Different pricing and reimbursement schemes exist in other countries. In the EU, governments influence the price of pharmaceutical products through their pricing and reimbursement rules and control of national health care systems that fund a large part of the cost of those products to consumers. Some jurisdictions operate positive and negative list systems under which products may only be marketed once a reimbursement price has been agreed. To obtain reimbursement or pricing approval, some of these countries may require the completion of clinical trials that compare the cost-effectiveness of a particular product candidate to currently available therapies. Other member states allow companies to fix their own prices for medicines, but monitor and control company profits. The downward pressure on health care costs in general, particularly prescription drugs, has become very intense. As a result, increasingly high barriers are being erected to the entry of new products. In addition, in some countries, cross-border imports from low-priced markets exert a commercial pressure on pricing within a country.

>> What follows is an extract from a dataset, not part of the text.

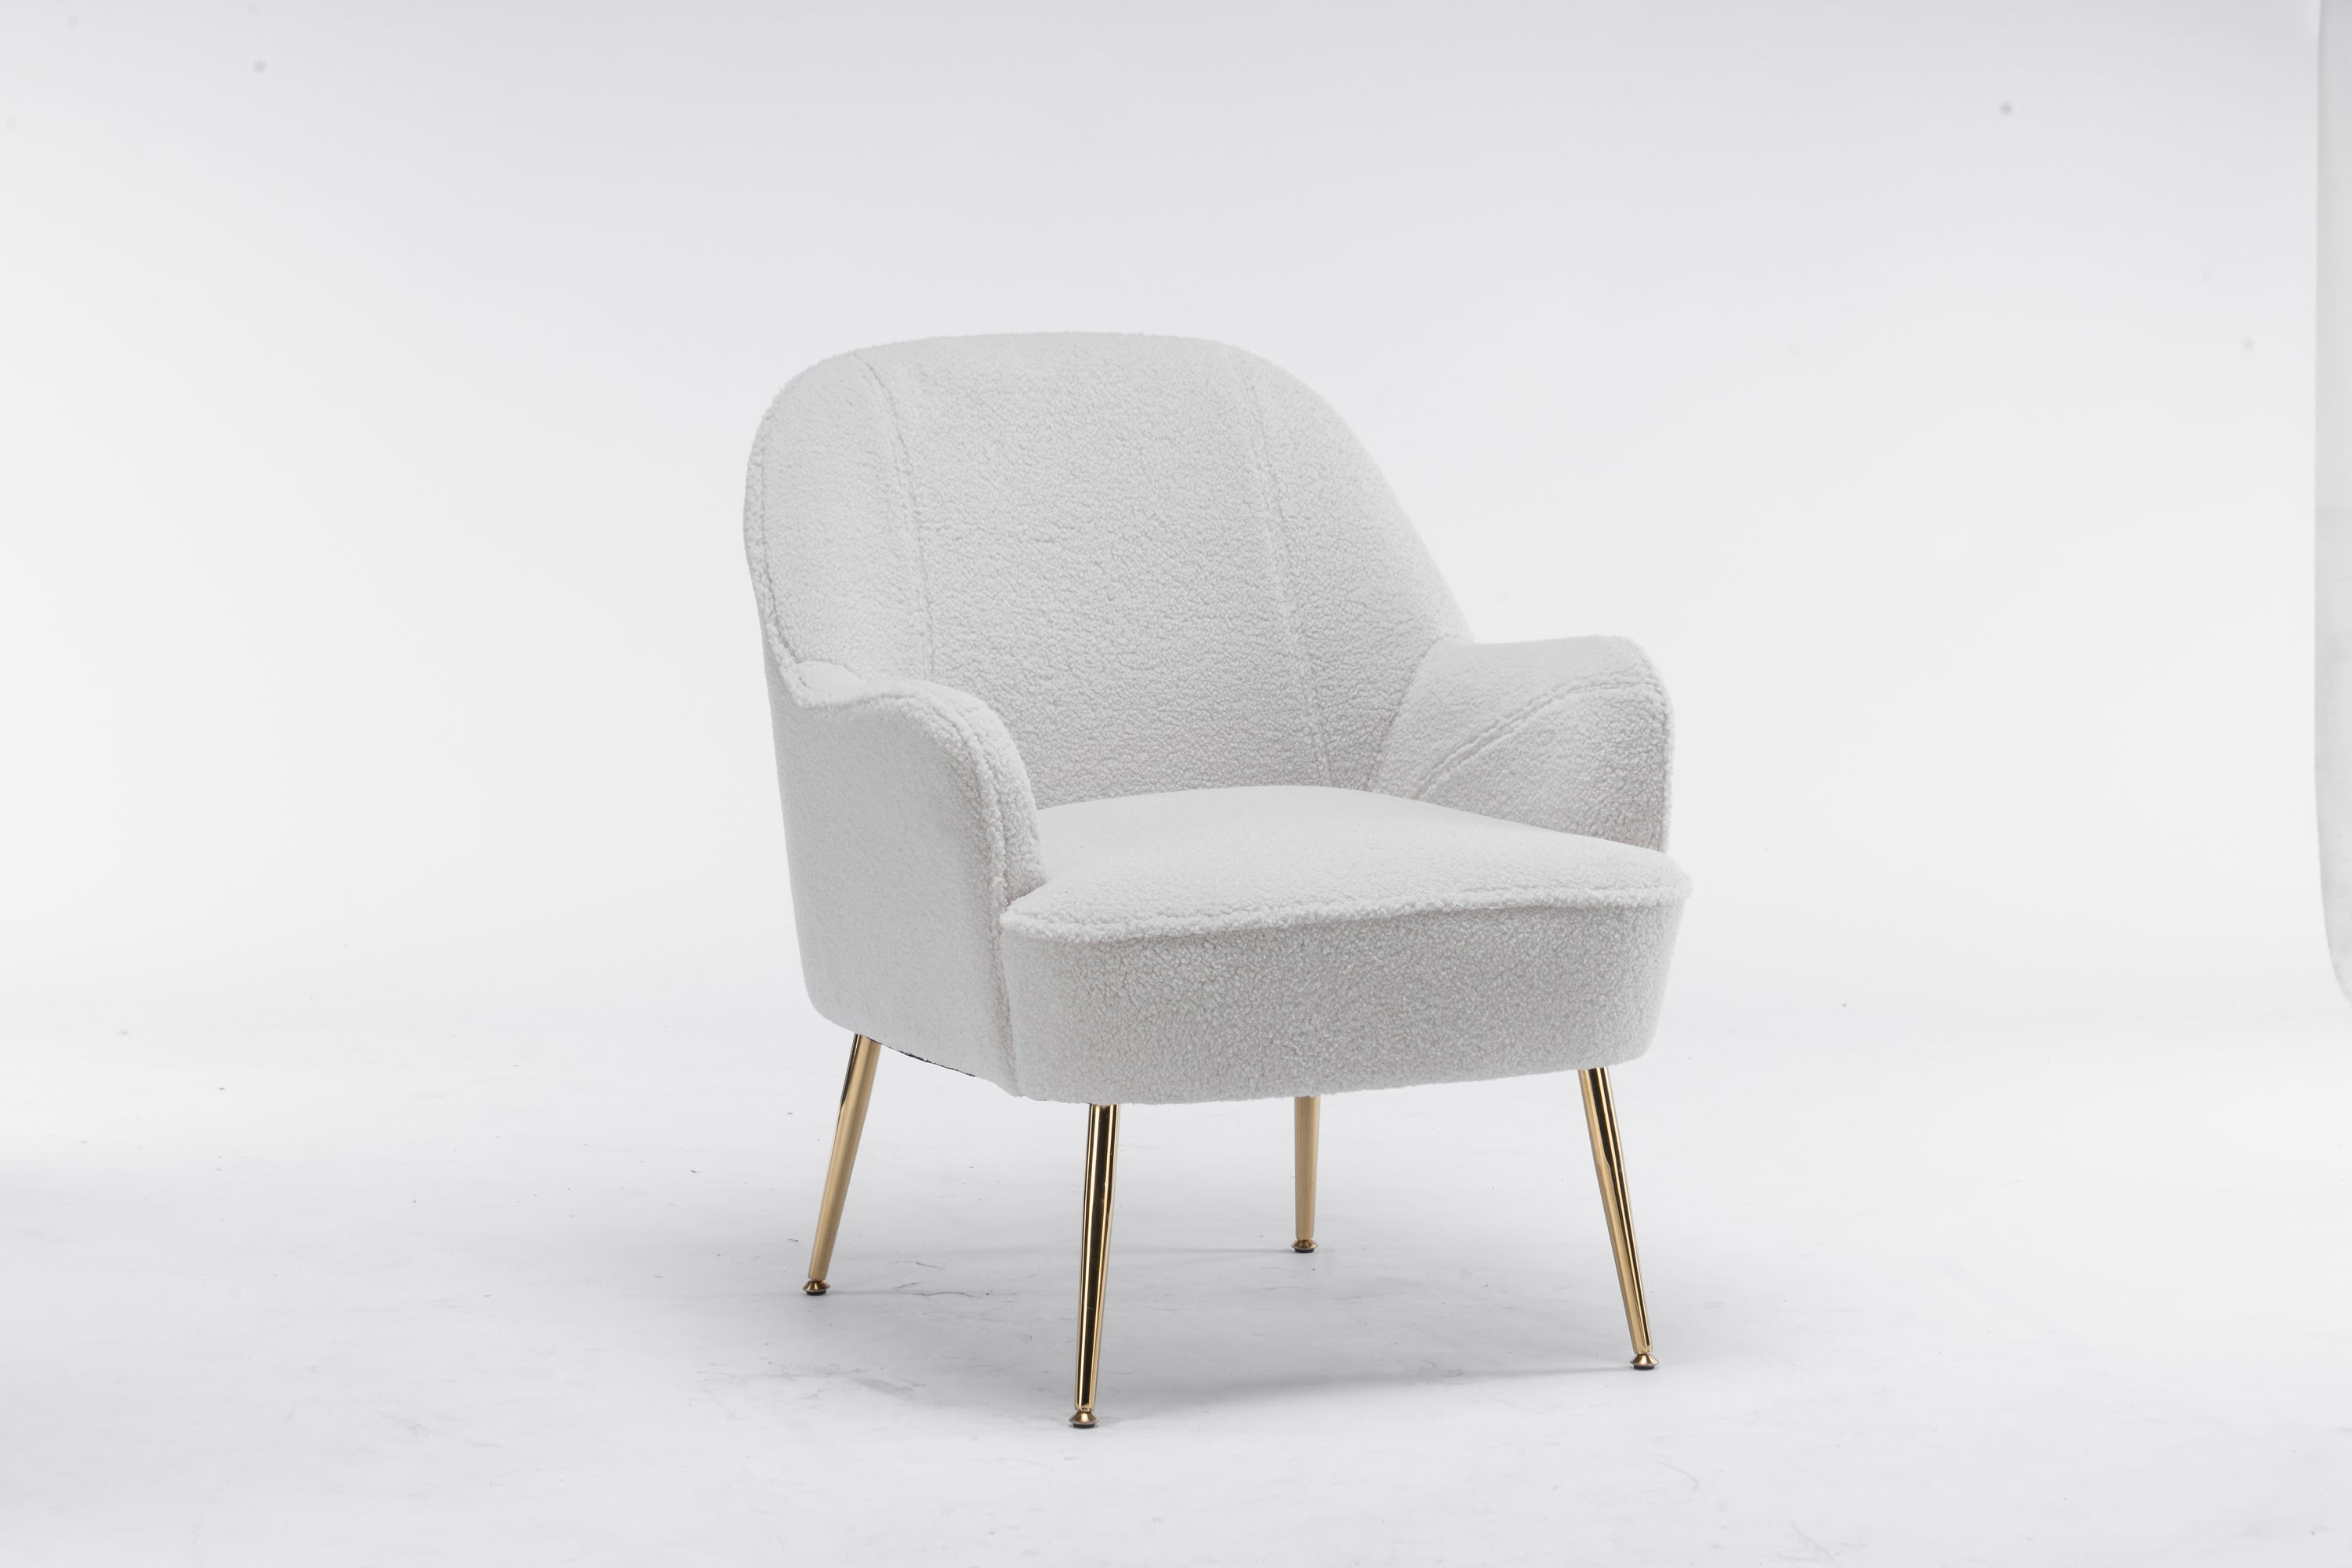 Modern Soft White Teddy Fabric Ergonomics Accent Chair With Gold Legs And Adjustable Legs

The marketability of any product candidates for which we or our collaborators receive regulatory approval for commercial sale may suffer if the government and third-party payors fail to provide adequate coverage and reimbursement. In addition, emphasis on managed care in the United States has increased and we expect will continue to increase the pressure on pharmaceutical pricing. Coverage policies and third-party reimbursement rates may change at any time. Even if favorable coverage and reimbursement status is attained for one or more products for which we or our collaborators receive regulatory approval, less favorable coverage policies and reimbursement rates may be implemented in the future.
Healthcare Reform
A primary trend in the U.S. healthcare industry and elsewhere is cost containment. Government authorities and other third-party payors have attempted to control costs by limiting coverage and the amount of reimbursement for particular medical products and services, implementing reductions in Medicare and other healthcare funding and applying new payment methodologies. For example, in March 2010, the Patient Protection and Affordable Care Act, as amended by the Health Care and Education Reconciliation Act (collectively ACA), was enacted, which affected existing government healthcare programs and resulted in the development of new programs. The ACA, among other things, increased the minimum level of Medicaid rebates payable by manufacturers of brand name drugs; required collection of rebates for drugs paid by Medicaid managed care organizations; required manufacturers to participate in a coverage gap discount program, under which they must agree to offer point-of-sale discounts (increased to 70 percent, effective as of January 1, 2019) off negotiated prices of applicable brand drugs to eligible beneficiaries during their coverage gap period, as a condition for the manufacturer’s outpatient drugs to be covered under Medicare Part D; imposed a non-deductible annual fee on pharmaceutical manufacturers or importers who sell certain “branded prescription drugs” to specified federal government programs, implemented a new methodology by which rebates owed by manufacturers under the Medicaid Drug Rebate Program are calculated for drugs that are inhaled, infused, instilled, implanted, or injected; expanded the types of entities eligible for the 340B drug discount program; expanded eligibility criteria for Medicaid programs; created a new Patient-Centered Outcomes Research Institute to oversee, identify priorities in, and conduct comparative clinical effectiveness research, along with funding for such research; and established a Center for Medicare Innovation at the Centers for Medicare & Medicaid Services (CMS) to test innovative payment and service delivery models to lower Medicare and Medicaid spending, potentially including prescription drug spending.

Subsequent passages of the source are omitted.